The answer is yes, chickens do eat ticks, and sometimes in great numbers. All common commercial and heritage breed chickens are omnivorous and will eat a variety of insects, including ticks. Considerable anecdotal evidence suggests that chickens are actually quite effective at tick control.
This is great news if you live in an area infested with ticks, or have been experiencing recent problems with the little bloodsuckers.
Chickens might be the ideal solution to the problem but there is more you should know before buying a flock and plunking down the cash for a coop or tractor. I’ll tell you everything you need to know below.
Chickens are Expert Hunters of Insects
One of the main reasons chickens are such effective hunters of insects, including ticks, is that they are expert foragers.
This means they spend a great deal of their time scratching around in the dirt and leaf litter or poking around plants looking for something to eat.
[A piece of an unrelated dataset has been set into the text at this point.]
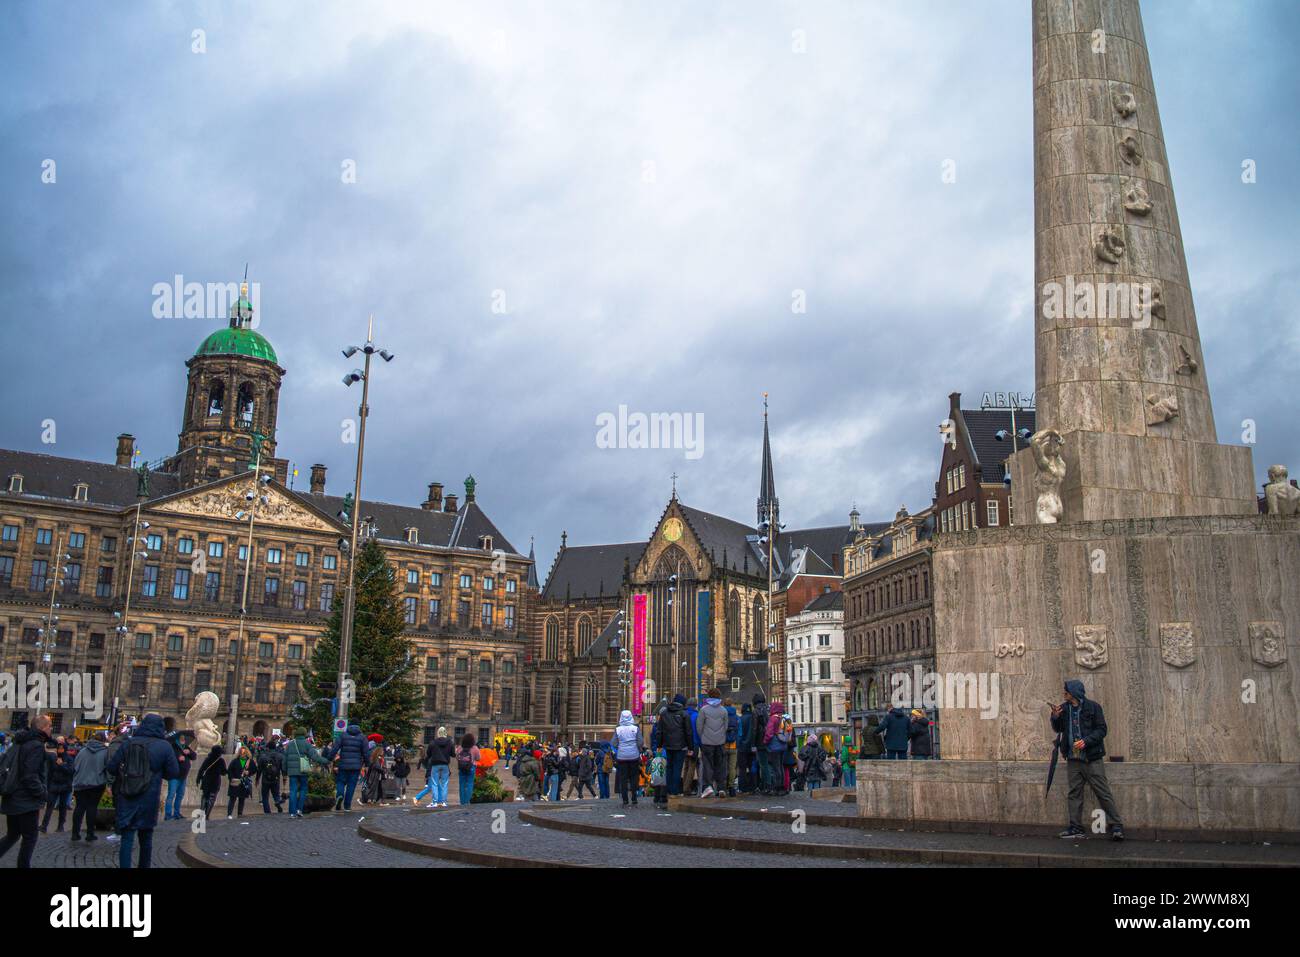 Piazza del Duomo di Amsterdam racchiude fascino storico e bellezza architettonica, con il suo iconico edificio a cupola e l'atmosfera vivace. Foto Stock

Chickens, like many birds, have a certain amount of natural curiosity but in their case that curiosity is regarding where their next meal is going to come from!
In the food chain, chickens are far above pretty much every insect that there is. Anything that they can catch and either swallow whole or peck apart they are likely to eat.
That means that when you watch your birds moseying around on your property pecking at the dirt they are likely striking at prey at least half the time.
Chickens will also eat just about any type of insect they can find, and includes not only ticks but also grasshoppers, beetles, crickets, and caterpillars.
In fact, some farmers will purchase chickens specifically to help control crop-damaging insects. This means you can depend on your chickens to eat ticks whenever they are found.
Ticks are Definitely on the Menu for your Chickens!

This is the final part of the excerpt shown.